SN 1987A as seen by the Hubble Space Telescope over the years. (Credit: NASA, ESA, and R. Kirshner (Harvard-Smithsonian Center for Astrophysics and Gordon and Betty Moore Foundation), and P. Challis (Harvard-Smithsonian Center for Astrophysics))
Researchers first observed SN 1987A 37 years ago. It is the nearest and brightest supernova to Earth and, since then, has been the most studied supernova. SN 1987A burst into the sky on February 23, 1987, at 160,000 light years away. Even at this distance, the supernova was visible in the sky for several months before fading. Researchers also detected SN 1987A using its neutrinos.

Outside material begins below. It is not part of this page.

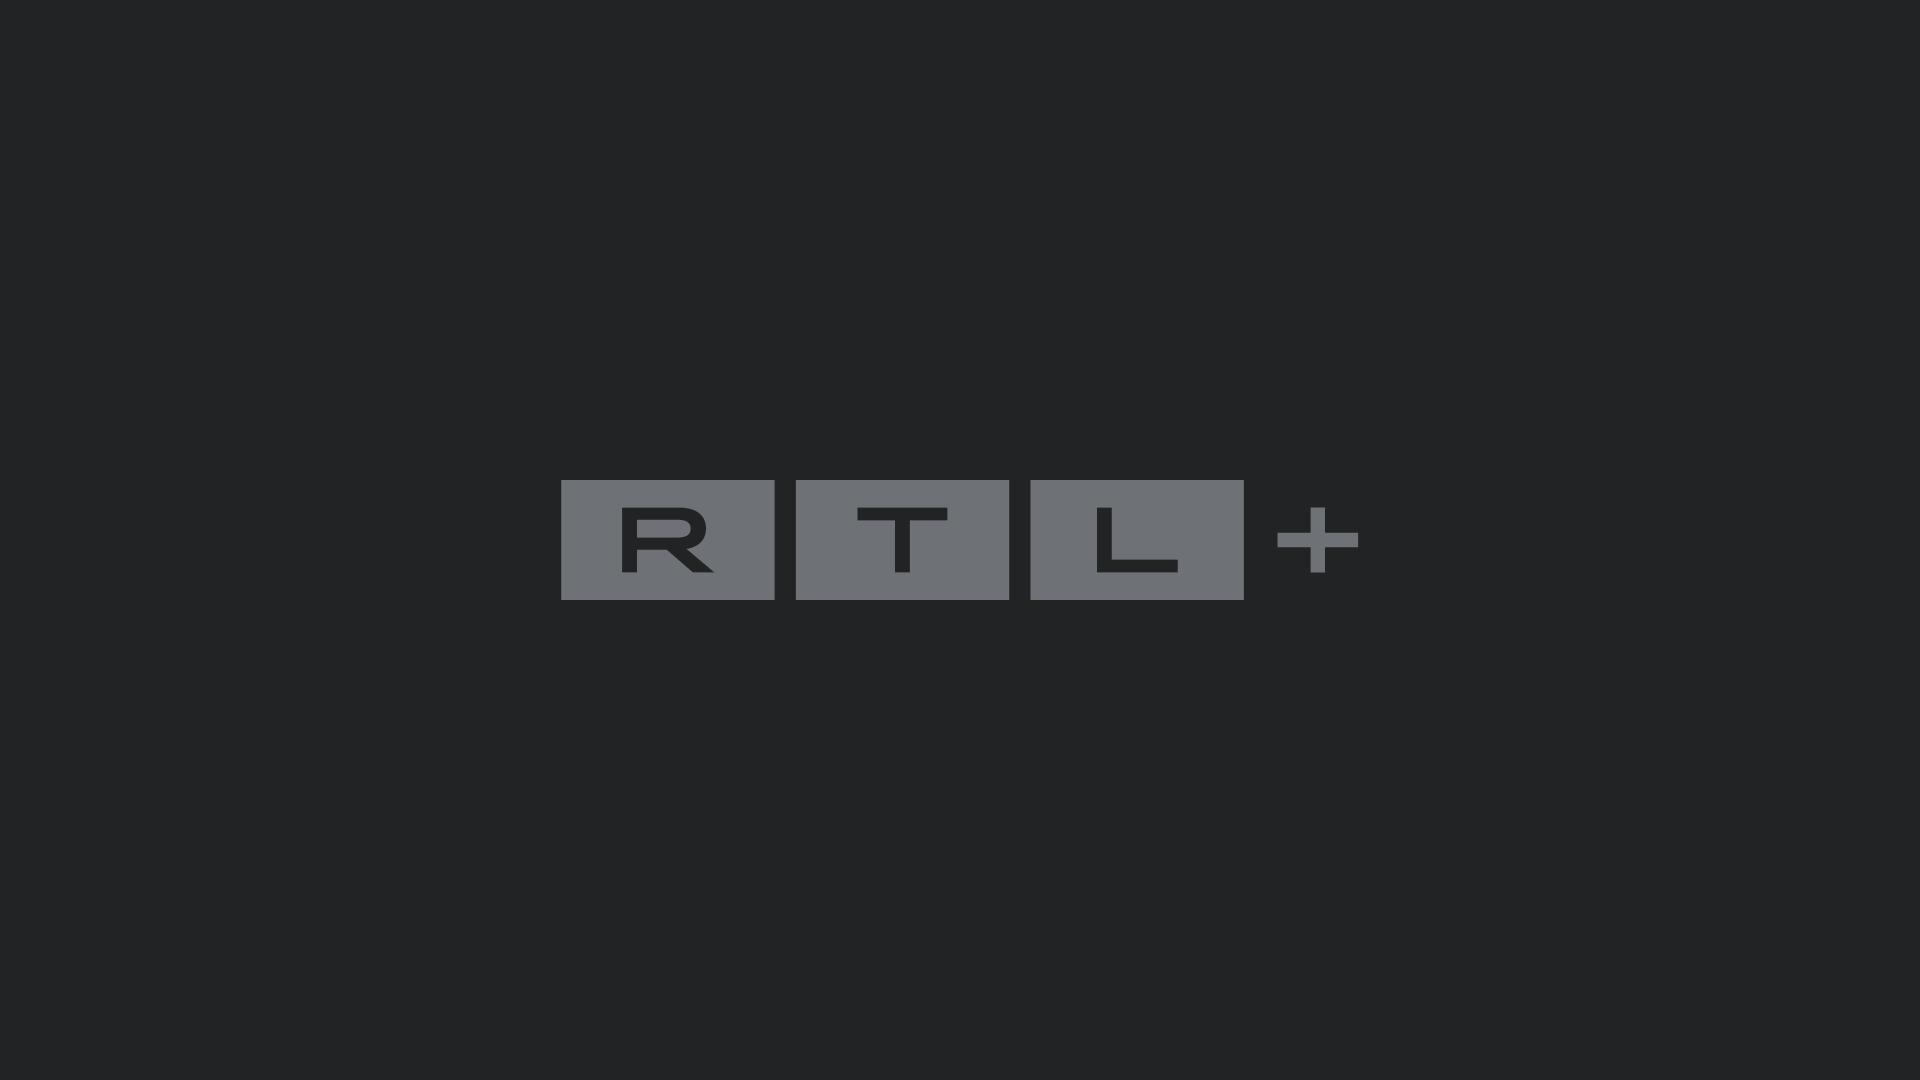 GZSZ - Der Gerner Clan  Affären, Schicksale & Intrigen | Folge 11
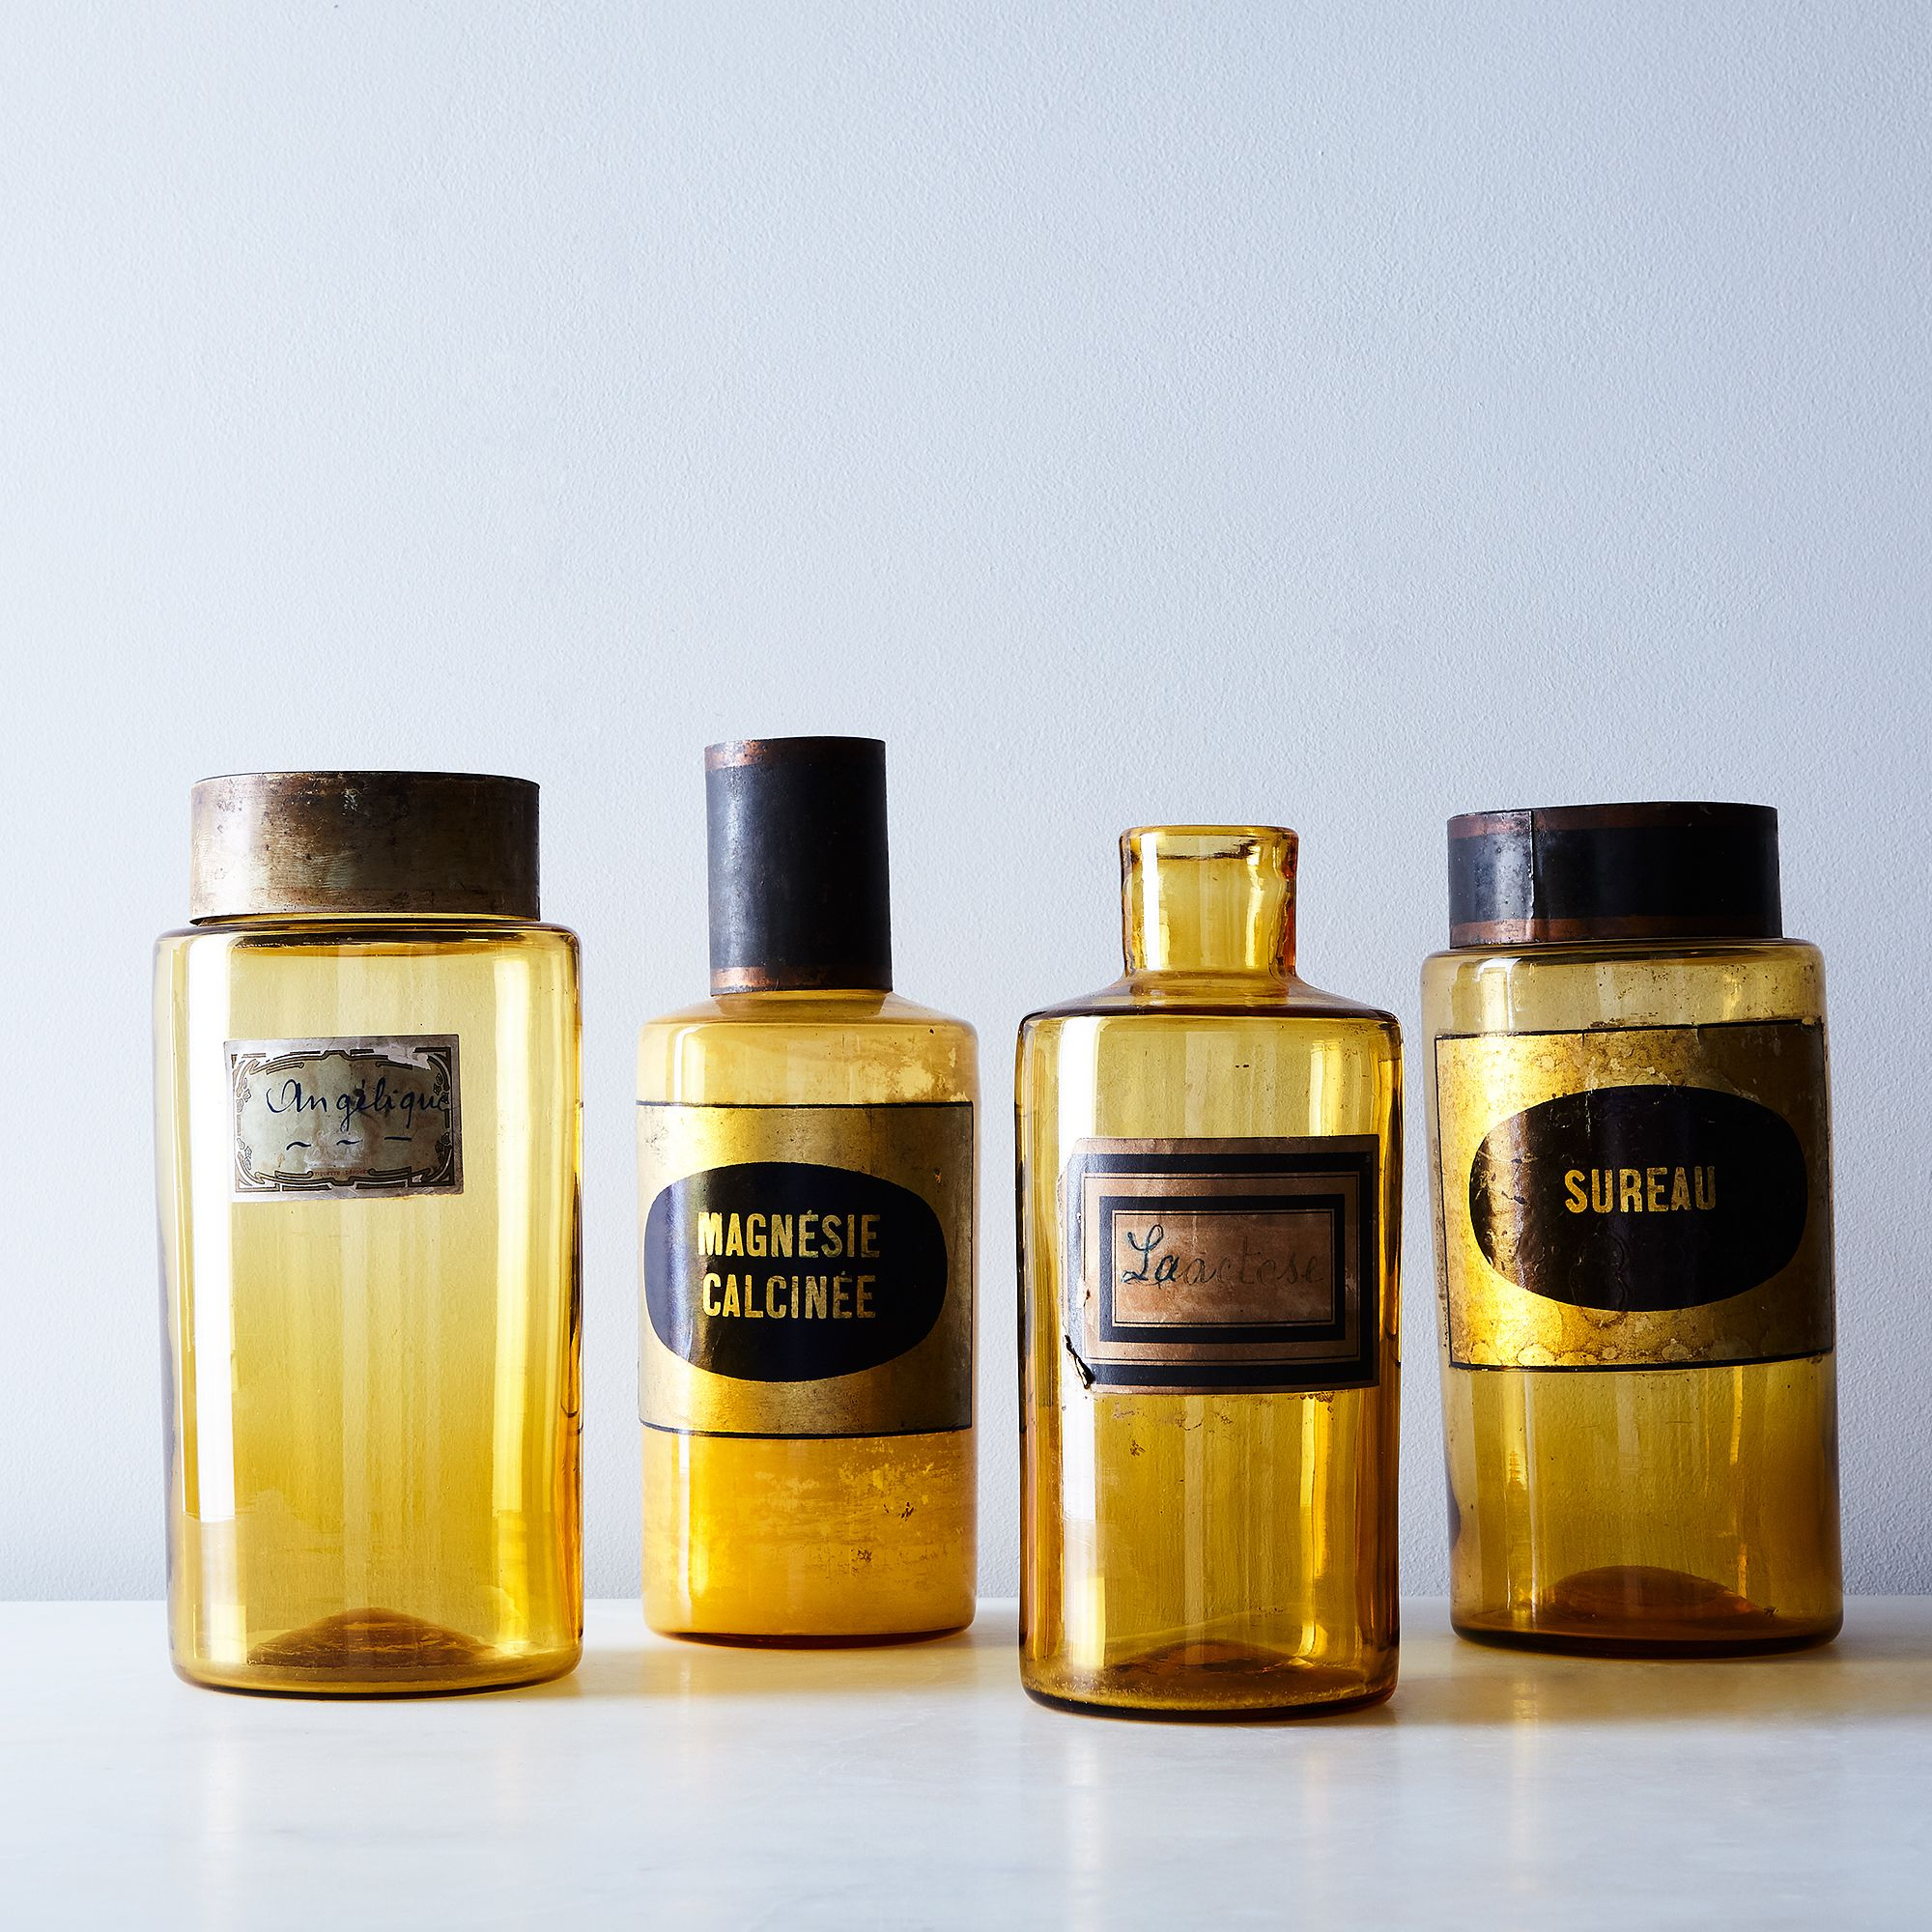 7ef0310d f17f 4b63 93bf ae9f09e822ed  2017 0609 food52 vintage shop vintage large amber apothecary jars silo rocky luten 058

After SN 1987A exploded, scientists predicted that it possibly formed a black hole or a neutron star at its center. The supernova’s neutrino burst hinted to researchers that what had formed at the center was a neutron star, but they had no conclusive evidence until the JWST.
Using the JWST’s MIRI and NIRSpec instruments, scientists found that the argon and sulfur atoms around the area where the supernova occurred were ionized. Only an event like a neutron star that blasted the particles with ultraviolet or X-ray radiation could have ionized the atoms. Strong cosmic winds from a rotating neutron star mixing with the supernova’s material could also have caused this.
SN 1987A as seen by the James Webb Space Telescope (Credit: NASA, ESA, CSA, M. Matsuura (Cardiff University), R. Arendt (NASA’s Goddard Spaceflight Center & University of Maryland, Baltimore County), C. Fransson)
In their study, the authors note that what ionized the atoms could have been a neutron star in one of two scenarios. It may have been the radiation emanating from the blazing, million-degree heat from the new star or from particles that accelerated in the supernova’s magnetic field as the neutron star rapidly spun. Models agree with both neutron star options. But which one is more challenging to pinpoint? More observations with JWST and on-the-ground telescopes may help the team glean more information.
Either way, both options fit with the team’s speculations of a neutron star residing in the center of SN 1987A.